___ EXERCISE DATA

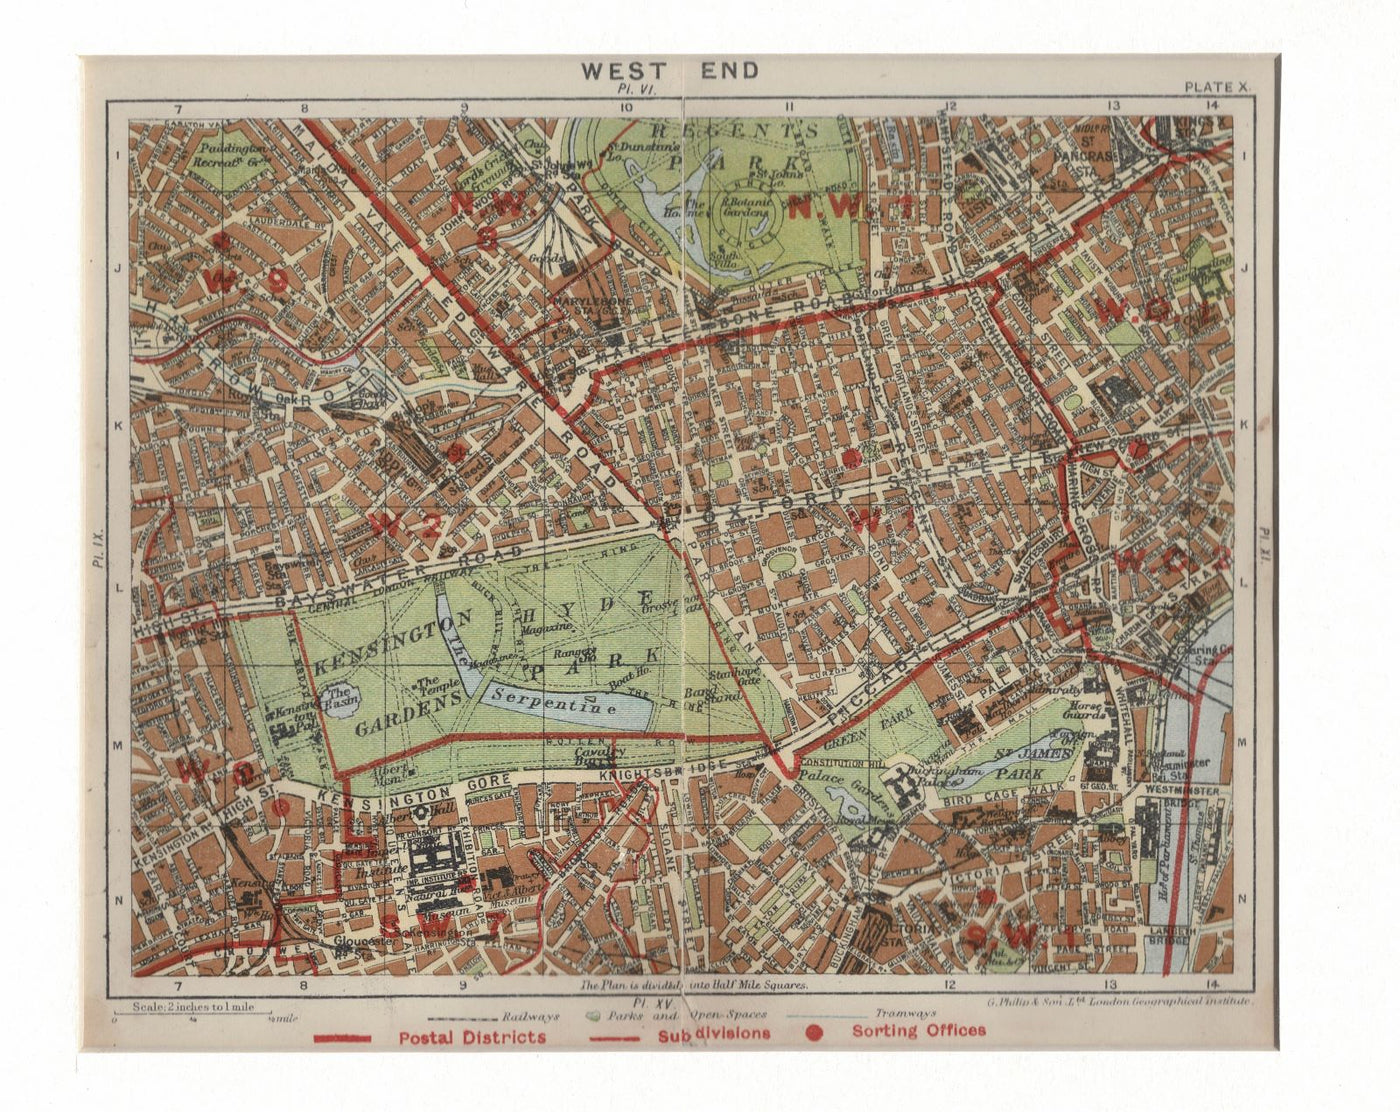 West End of London antique map published 1920
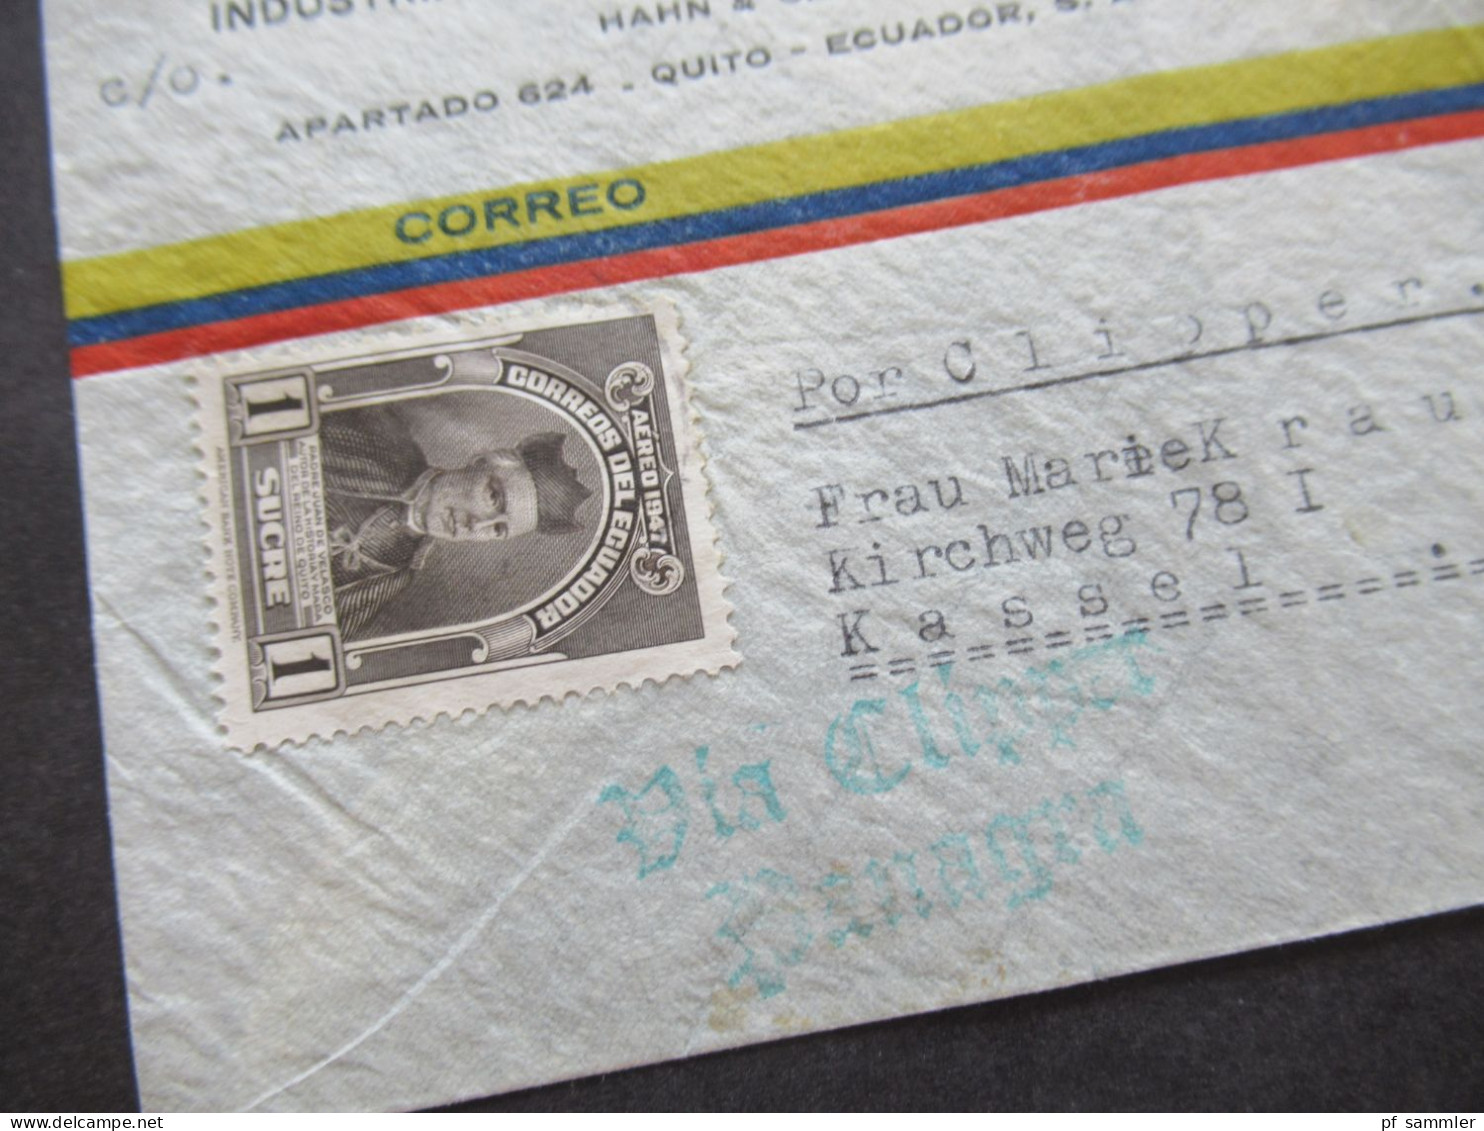 Ecuador Um 1940 Überseebrief Quito - Kassel Mit 2x Grüner Stempel Via Clipper (Banagra??) - Equateur
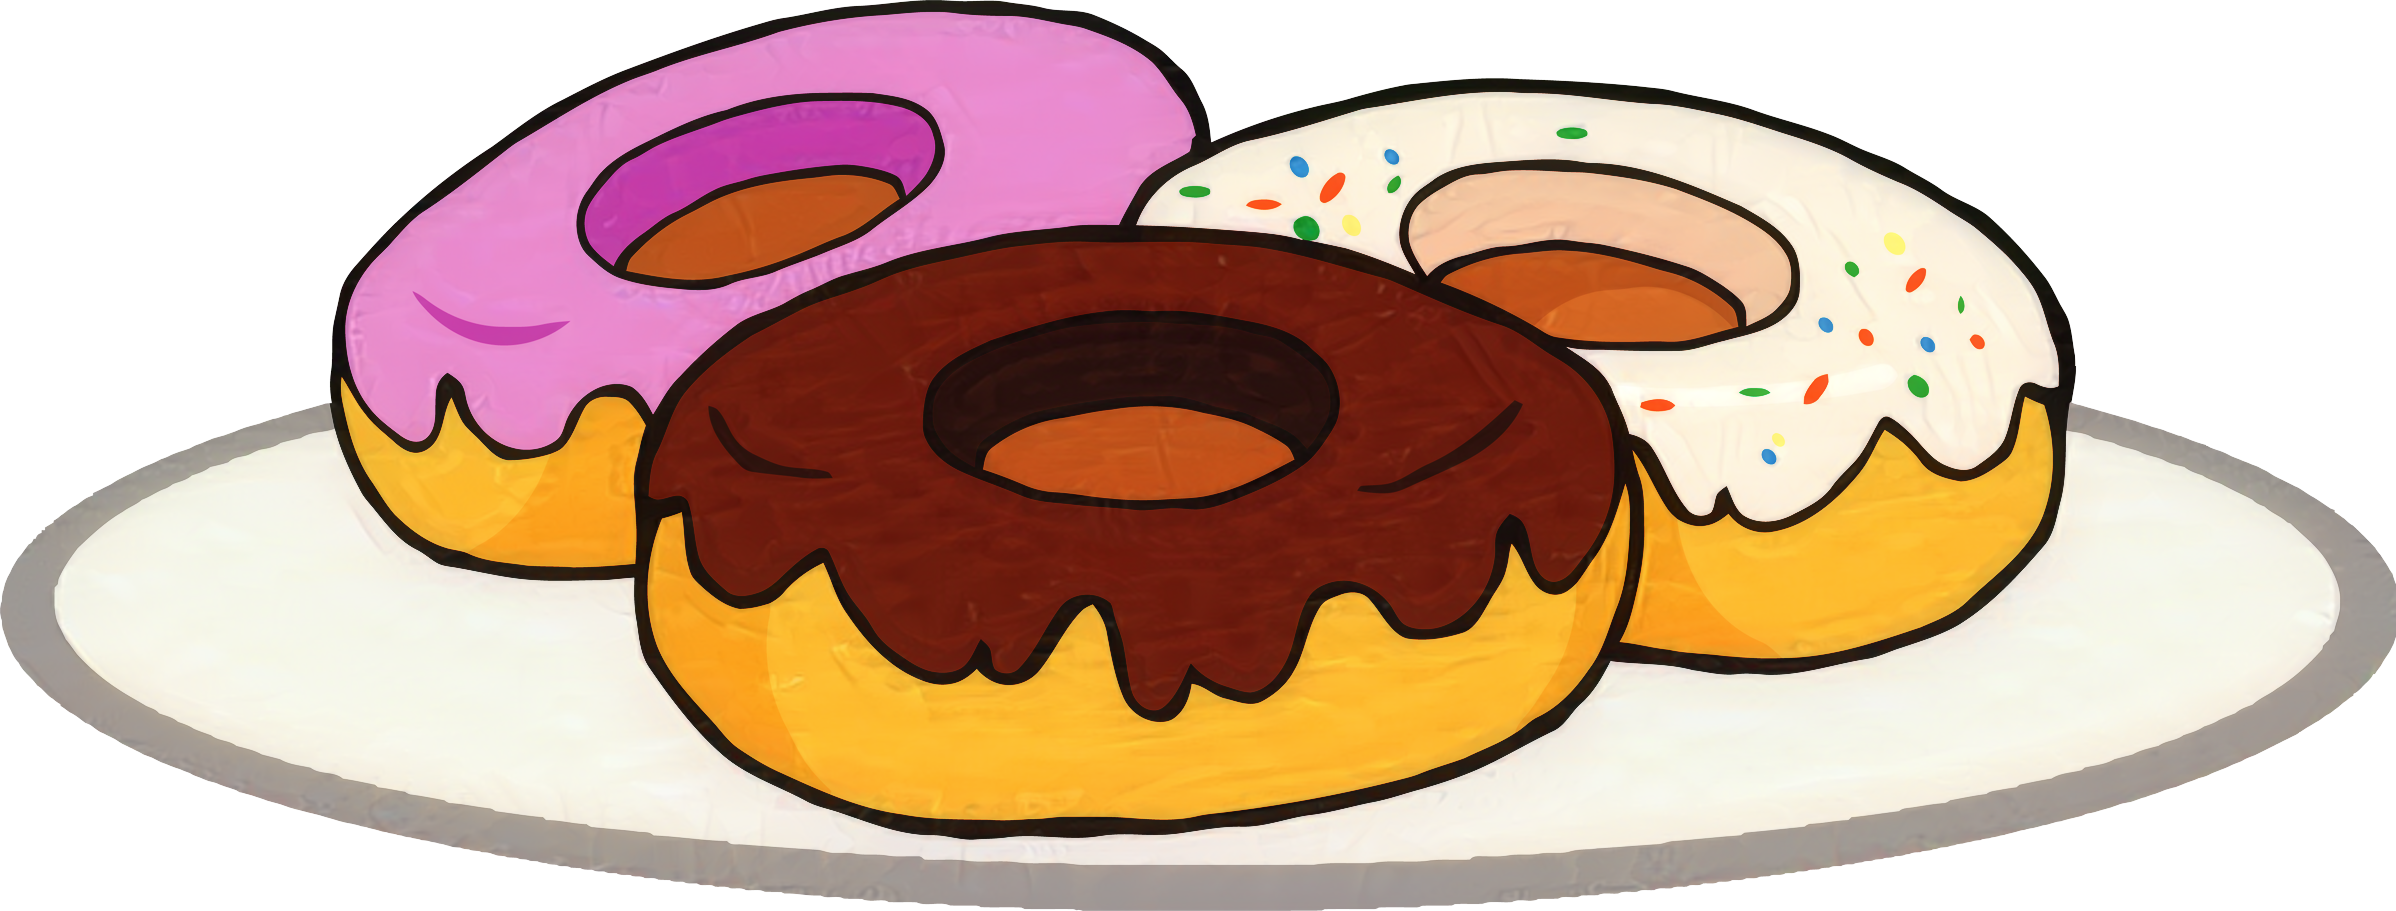 donut clipart vector

______

• **PROBLEM REQUIREMENTS**
Please write the material out again exactly as shown above, minus any pictures.

• **RESPONSE AREA**
 West End of London antique map published 1920
 Ecuador Um 1940 Überseebrief Quito - Kassel Mit 2x Grüner Stempel Via Clipper (Banagra??) - Equateur
 donut clipart vector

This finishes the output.